= Z. A. Morshed =

Deputy Inspector General of the Bangladesh Police

Z. A. Morshed (died 2013) was an additional deputy inspector general of the Bangladesh Police. He died in the Mirpur textile factory fire in 2013.

==Career==
Morshed joined the police cadre from the 12 batch of Bangladesh Civil Service.

During the 2001-2006 Bangladesh Nationalist Party rule, Morshed was denied promotions and prestigious postings due to being from Gopalganj District, which is viewed as a stronghold of the opposition Awami League. The Bangladesh Nationalist Party government denied promotions to police officers from Gopalganj District, Faridpur District and religious minority communities. In 2001, he was transferred to the Armed Police Battalion in Bilaychchari, Rangamati District. He went on to serve with the Armed Police Battalion in Uttara and Sylhet.

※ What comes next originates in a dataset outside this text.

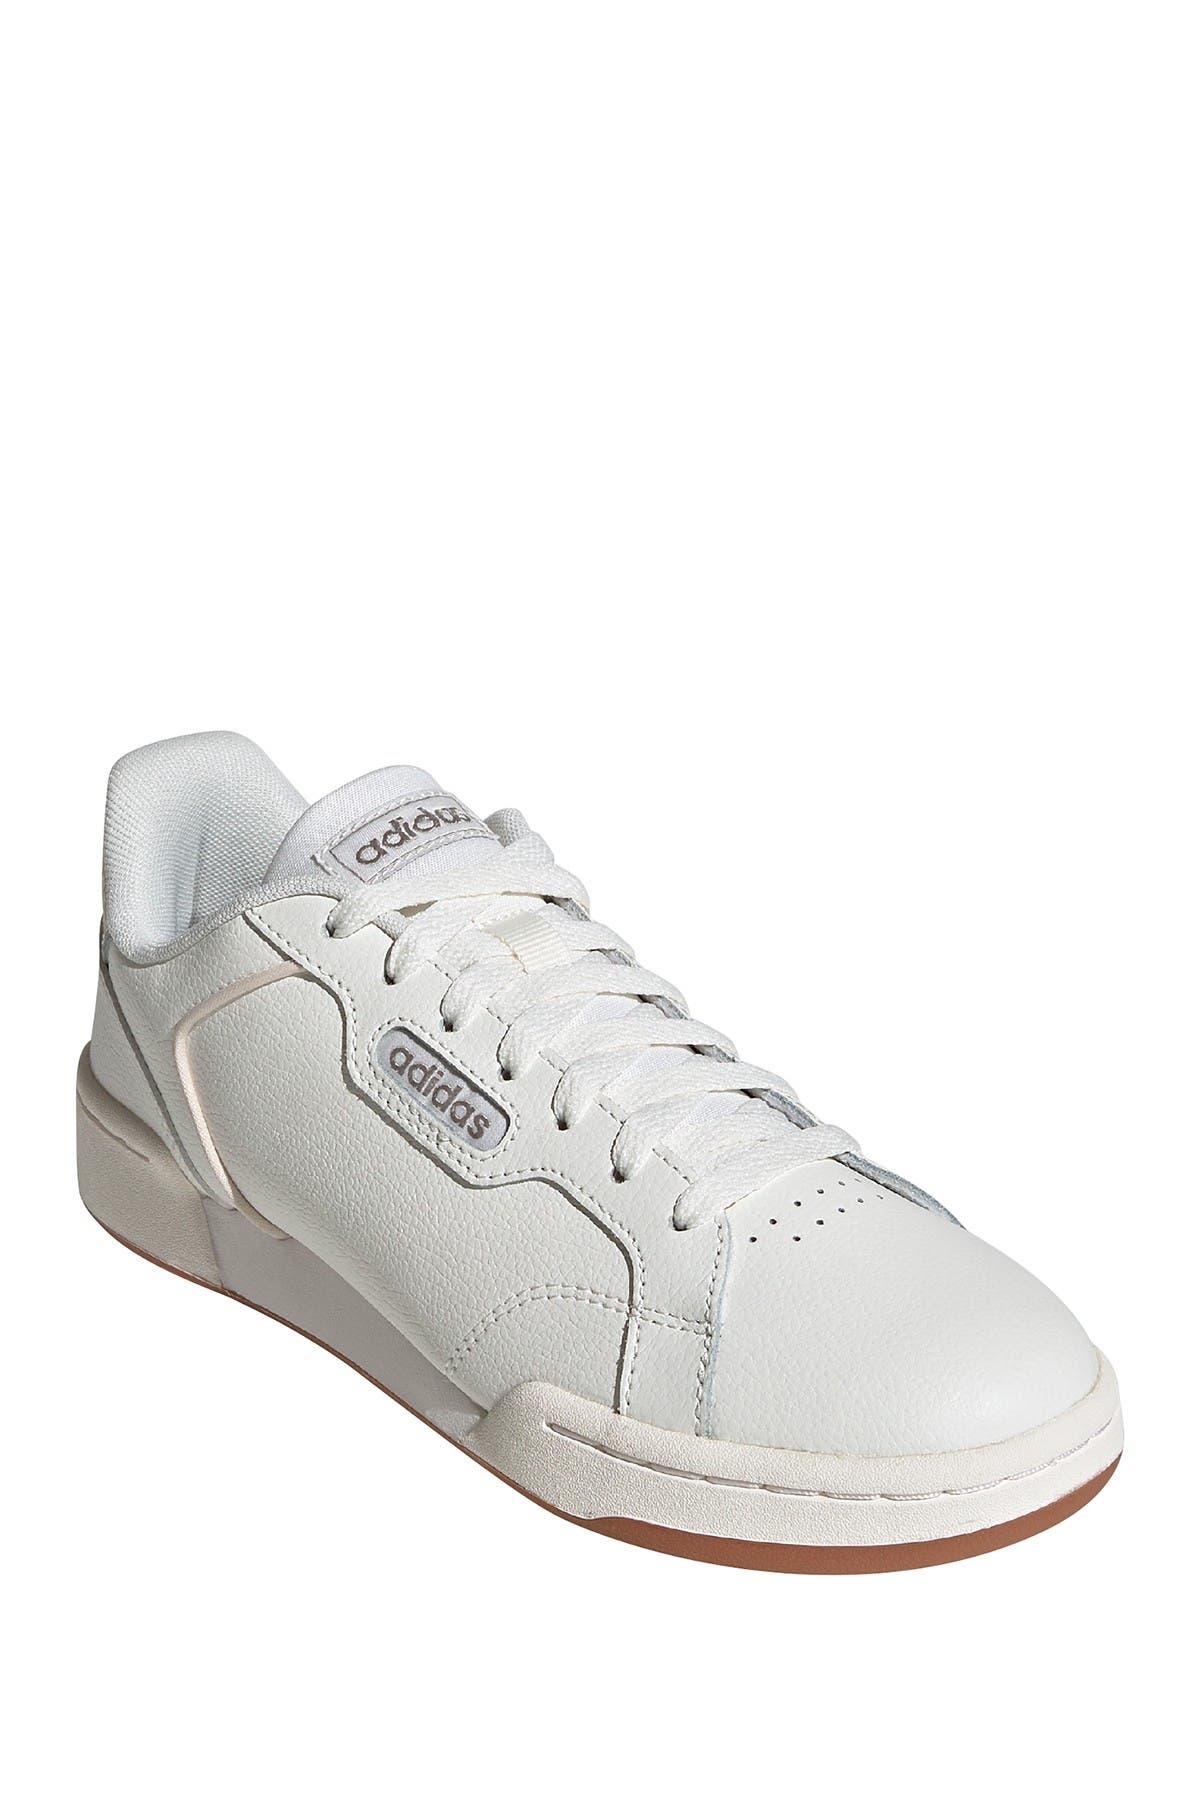 adidas | Roguera Sneaker | Nordstrom Rack

In 2010, Morshed was the superintendent of police of Chittagong District. During his time, Hefazate Islam Bangladesh emerged as a political force in Chittagong District, indulging in violent clashes with the police. He detained 250 students at the University of Chittagong following violent clashes between students and vandalism. While he was there, the 2012 Hathazari violence took place, which was a communal clash between the majority Muslim community and the minority Hindu community. The clashes started after a rumor went viral on Facebook alleging some Hindus had desecrated the Koran.

== Death ==
Morshed died at a fire on 2 May 2013 in the factory of Tung Hai Sweater Limited in Darus Salam Thana. He was rescued from the fire and died at the National Institute of Cardiovascular Diseases emergency room. He was then an additional deputy inspector general of the police. Six others were killed in the fire, including Sohel Mostafa Swapan, president of Comilla District North unit of Jubo League, and Mahbubur Rahman, managing director of Tung Hai Sweater Limited and Morshed's friend. There were 200-300 workers in the garment factory at the time of the fire. The fire took place at around the same time Rana Plaza collapsed. His bodyguard, Ripon Chakma, also died in the fire.